Comparison of reversed-phase chromatograms showing the retention time for the moss-produced rhEPO peptide EAISPPDAASAAPLR (144–158) and its hydroxylated versions in the knockout moss line ΔP4H1 #192 (upper panel) and in the overexpressing line P4H1OE #32 (lower panel). The spectra of each peak are shown below the chromatograms. In the overexpressing line, the doubly hydroxylated peptide and two singly hydroxylated isomers – one coeluting with the parent peptide - were found.
As hydroxylation and arabinosylation of the human epithelial mucin MUC1 at the sequence APP was reported upon expression in N. benthamiana28, we analysed the rhEPO N-terminal peptide APPRLICDSRVL for prolyl-hydroxylation in moss. After chymotryptic digestion of rhEPO derived from the parental plant 174.16, the knockout plant P4H1 #192 and the overexpressor P4H1OE-45, LC-ESI-MS analysis revealed that this peptide was not hydroxylated in any of these cases (Supplementary Fig.

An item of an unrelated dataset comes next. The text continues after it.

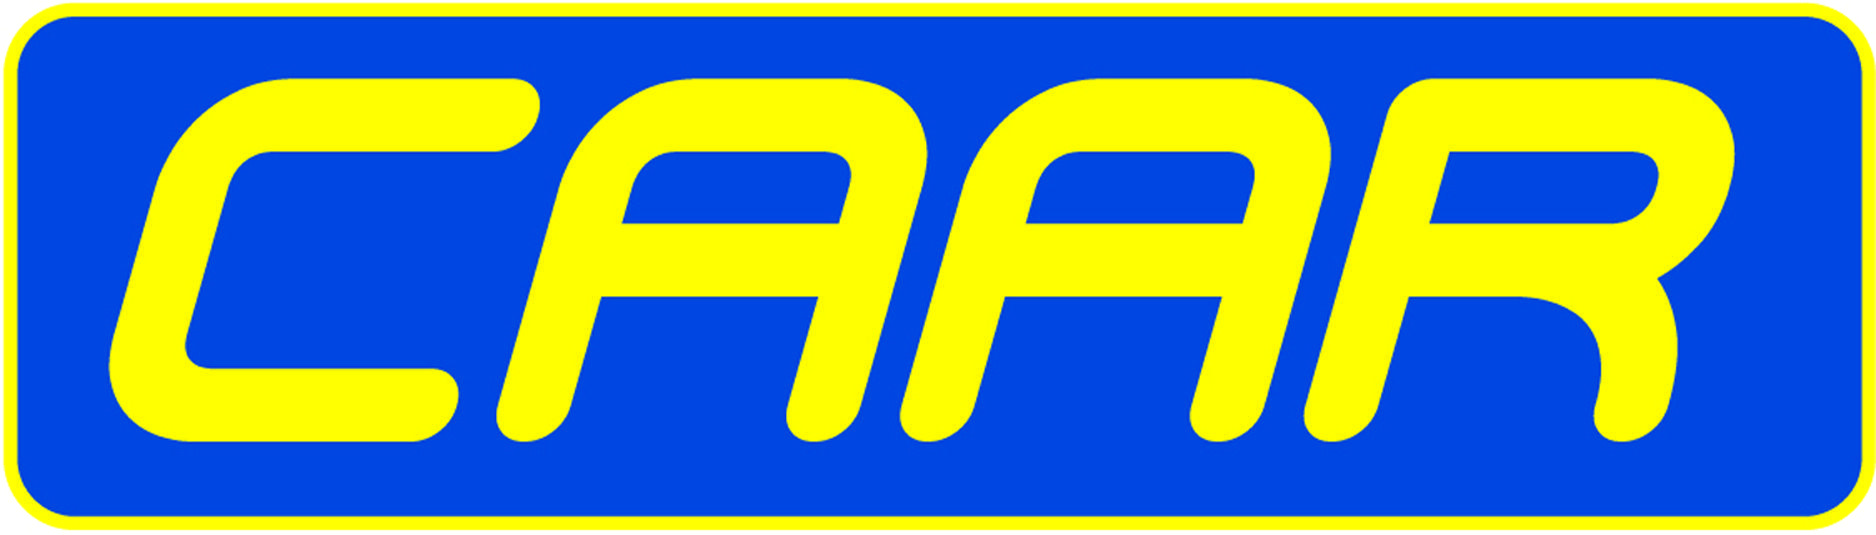 Caar Logo - ALCO Filters | Alco Filters (UK) Ltd signs up to supply CAAR Members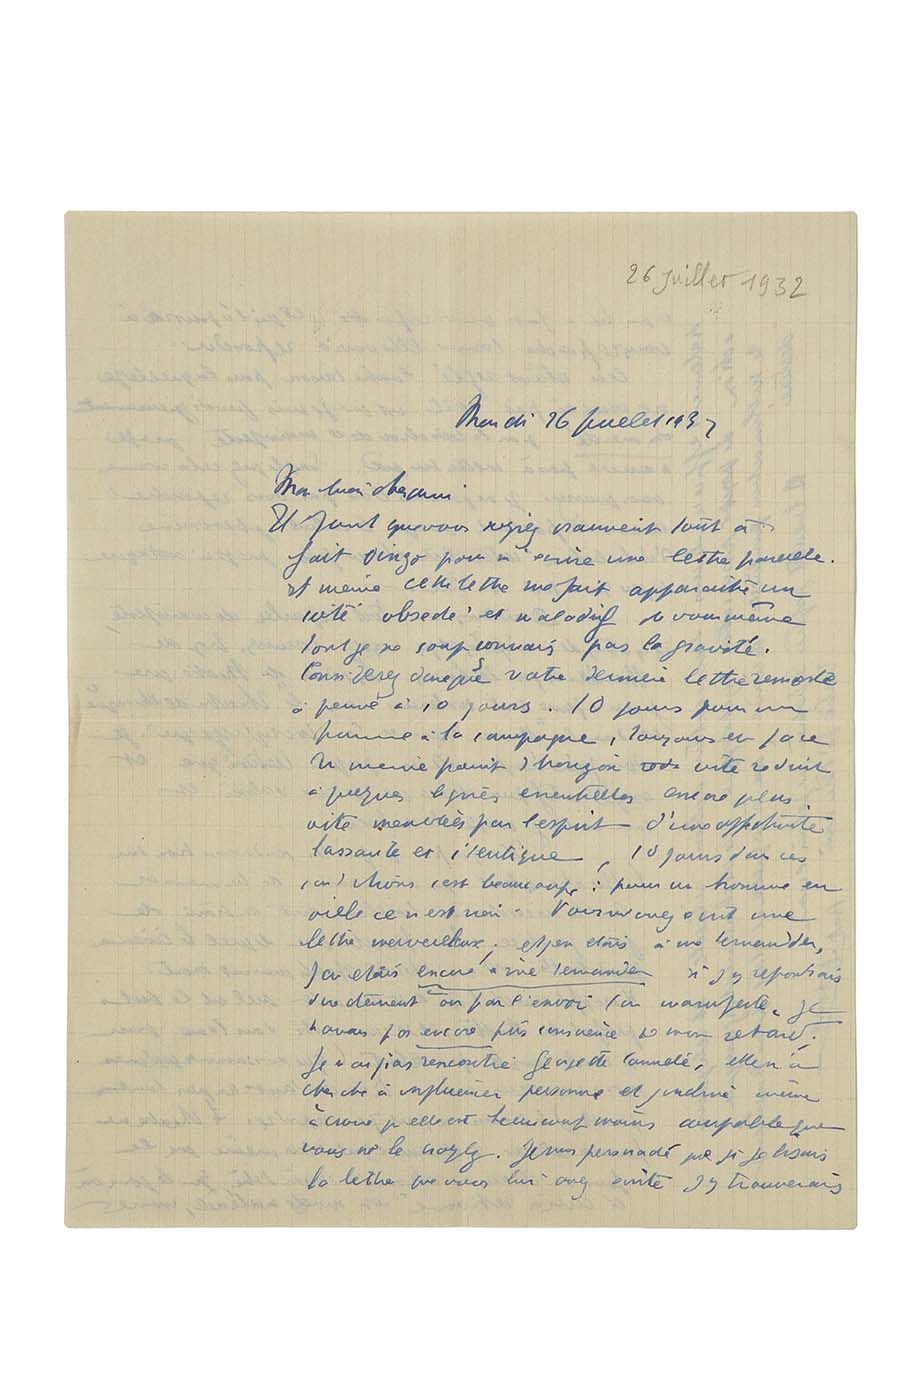 L.A.S. Ant. Artaud, [Paris] July 26, 1932, to André RO…

S6 online). The other Pro containing peptides, the two EPO glycopeptides, have been analysed by mass spectrometry before in the parental plant 174.16 and no Hyp residues were detected (e.g.6,24). Thus we can exclude any additional prolyl hydroxylation on moss-produced rhEPO.
Discussion
One of the most common posttranslational modifications in higher eukaryotes is prolyl-4-hydroxylase (P4H)-catalysed formation of hydroxyproline (Hyp) residues, though sequence recognition sites on target proteins differ between animals and plants. Moreover, Hyp in plants is the main anchor for O-glycosylation, which again diverges from mammalian O-glycosylation. The engineering of the human O-glycosylation machinery in plants was tackled recently25,26,29,42 leading to plant proteins with so-called mucin-type O-glycosylation. Nevertheless, the absence of plant-specific prolyl-hydroxylation and subsequent O-glycosylation should be guaranteed for the production of safe biopharmaceuticals26. Several human proteins expressed in plants were shown to be hydroxylated24,25,26,27,28,29. Recombinant hEPO produced both in moss and in N. benthamiana was shown to be hydroxylated in the consensus sequence SPP24,25 but O-glycosylation was not observed. The Hyp proportion in the moss line 174.16 was higher than that found on rhEPO from N. benthamiana25 which might be due to different production systems, transient expression in N. benthamiana vs. stable production in moss. It was reported before that less Hyp formation occurs in transient systems than in stable production29. This post-translational modification could be partially reduced by P4H inhibitors29,43, however, the complete elimination of the anchor Hyp on the biopharmaceutical by abolishment of P4H activity is the only reliable way to avoid this adverse modification. Due to the importance of P4Hs in plant growth and development22,23, or to the high number of isoforms of this enzyme in plants44 the engineering of plant genomes for mutation or deletion of P4H genes was suggested26,42 but to our knowledge not yet conducted.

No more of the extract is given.